Could ORCID be mandatory and comply with the GDPR at same time?

[marcbria]

TL;DR:

ORCID is a great tool and is therefore becoming more and more widespread within the open science ecosystem, but in a global context we must ensure that it complies with the personal data regulations of the different regions (GDPR, CCPA, LGPD...).

This post focuses on the current and future compatibility with GDPR (which is the one I am familiar with) to conclude that in order to comply with EU legislation, it does not seem a good idea to end up being a mandatory field.

Argumentation

As far as ORCID keeps personal data, in EU need to comply with the GDPR.

Main concerns related with GDPR are:

• ORCID stores this data outside EU: Without a "datashild/safeHarvour/dataPrivacyFramework" (name changes but the underlaying problem is the same) it's mandatory to stored EU citizens data in Schëngen.
• ORCID is an American organization: Is ruled by US laws and under the Patriot Act, every American company is obliged (when required) to give data to its US government which contravenes the GDPR.

This question is not new, so ORCID decie to explain they comply with the GRPD [see, for example: 1, 2, 3...] but as regulation changes, arguments also change on time... and show a perspective (I mean, they are not irrefutable) and obviously, ORCID is an interested party.

In 2017 (regulation is now a bit different), a German consortium (ORCID DE, in which TIB participate) asked for an independent report (that it's the only independent resource I found) about this topic and I found it really interesting to read.

Although the report is from 2017 and translation is incomplete, IMO still offers a good basis to say today ORCID is GDPR compliant, BUT also points some issues that need to be taken in consideration...

As said, the report is only partially translated but it's very clear saying that ORCID complies without doubts the GDPR, but main legal argument holds over two facts: the registration in ORCID (quotes are summaries, not literal) "are voluntary and the user manages his/her own data" or "based on standard contractual clauses (SCCs)" and this is contradictory with what we saw recently in the EU with Meta (see 1, 2 (https://www.epc.eu/en/publications/Metas-Pay-or-Okay-Is-this-the-final-challenge-for-EU-GDPR~5672dc)).

So, although is a positive report for ORCID it still raised doubts when:
(1) "institutions are forcing researchers to use ORCID" (because "In these cases, the voluntary nature of the (scientist's) consent and thus the legal basis for a transfer of data by ORCID to a non-European foreign country is (also) questionable. In particular, given the current unfortunate legal treatment of personal data processing in the United States, a risk-free prognosis regarding the lawfulness of such situations cannot be made at this time.") or
(2) "what to do with user's data collected before the explicit consent" or
(3) suggesting a "technical review of the implementation is required" (for instance, to ensure data is properly stored), etc.
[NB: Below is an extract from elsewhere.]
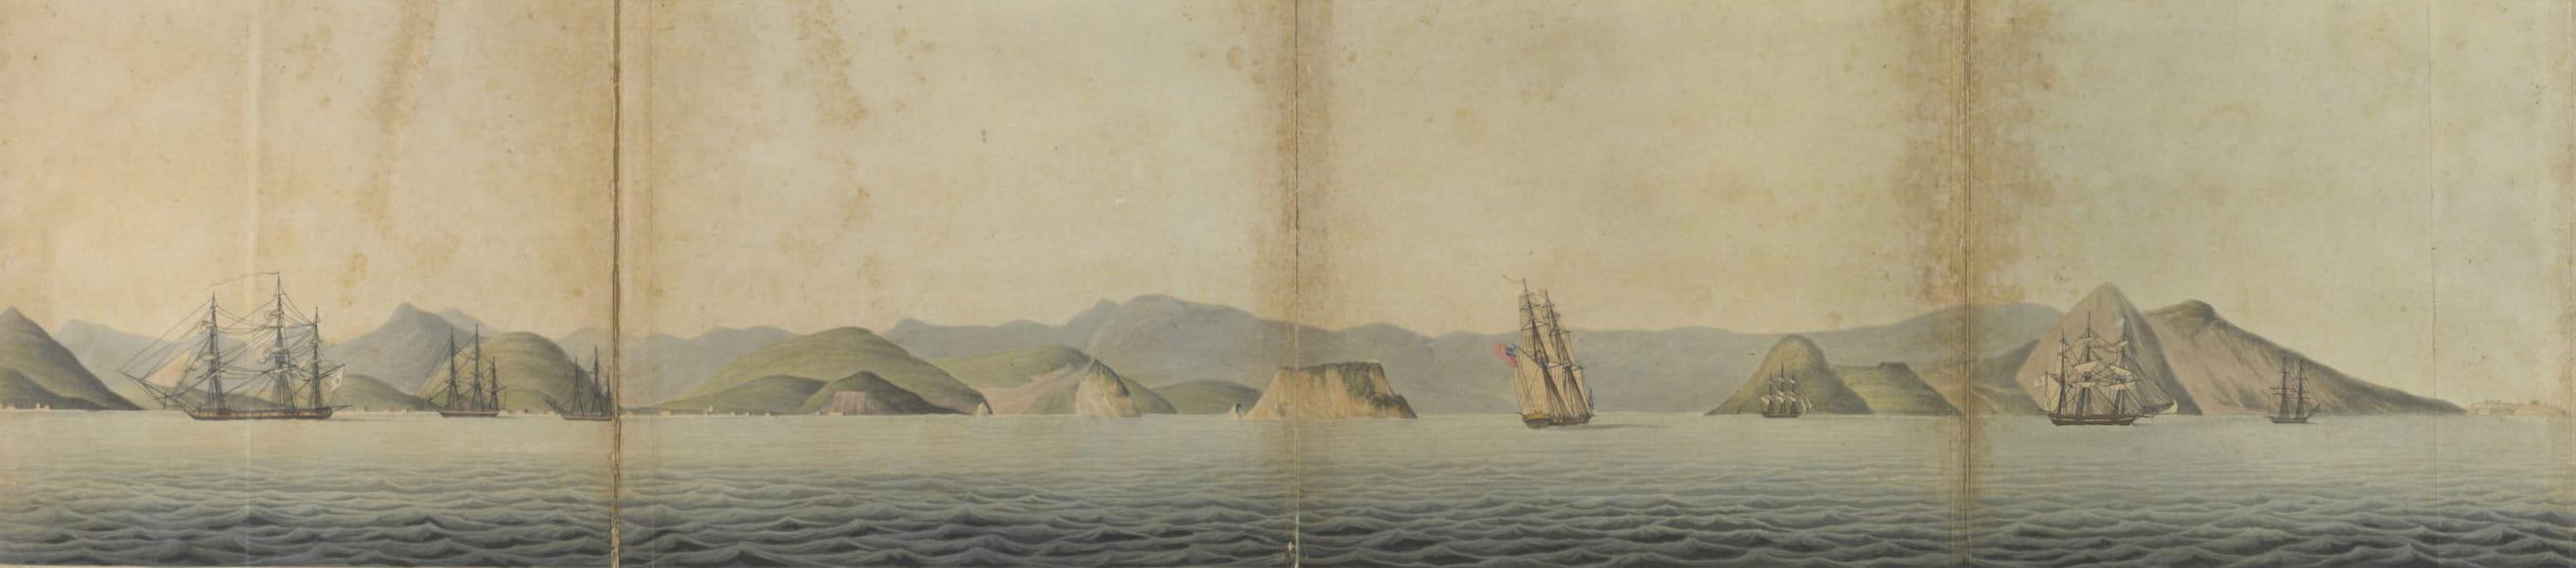 Views and Costumes of the City and Neighbourhood of Rio de Janeiro - Eastern Side of the Harbour of Rio de Janeiro (1822)
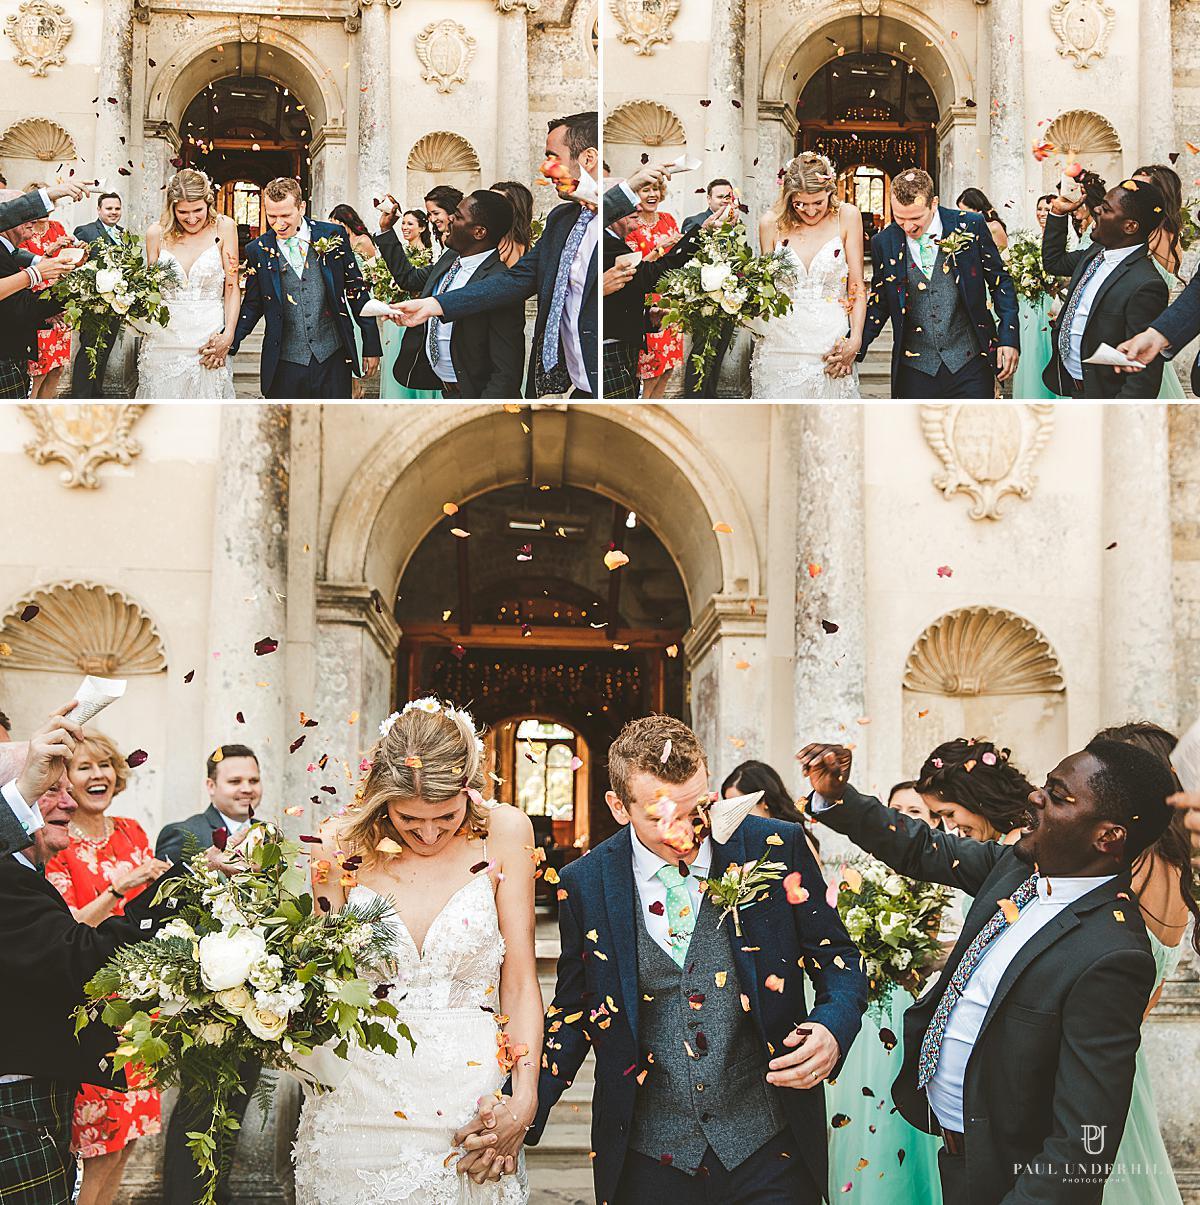 Lulworth Castle wedding

The list is not exhaustive, but I will also like to to the list (4) "what happens if the Attestation Letters are outdated" or what concerns me more (5) "what will happen with ORCID if/when the DPF decays because of Schrems III".

Without DPF I will be really surprised they still try to legitimize the processing on the basis of SCCs or individual consent.

So, in a global context of changing regulations, my recommendation here is:

• Look for a new independent legal review of the ORCID usage under the current legal framework (and also with the assumption that the DPF can be overturned) to clear all doubt.
• Don't make ORCID mandatory in any PKP products (at least till we have a global solution that fits well in every country with any reasonable doubt)

[asmecher]

@marcbria, we don't have any plans to make ORCiD mandatory in PKP products.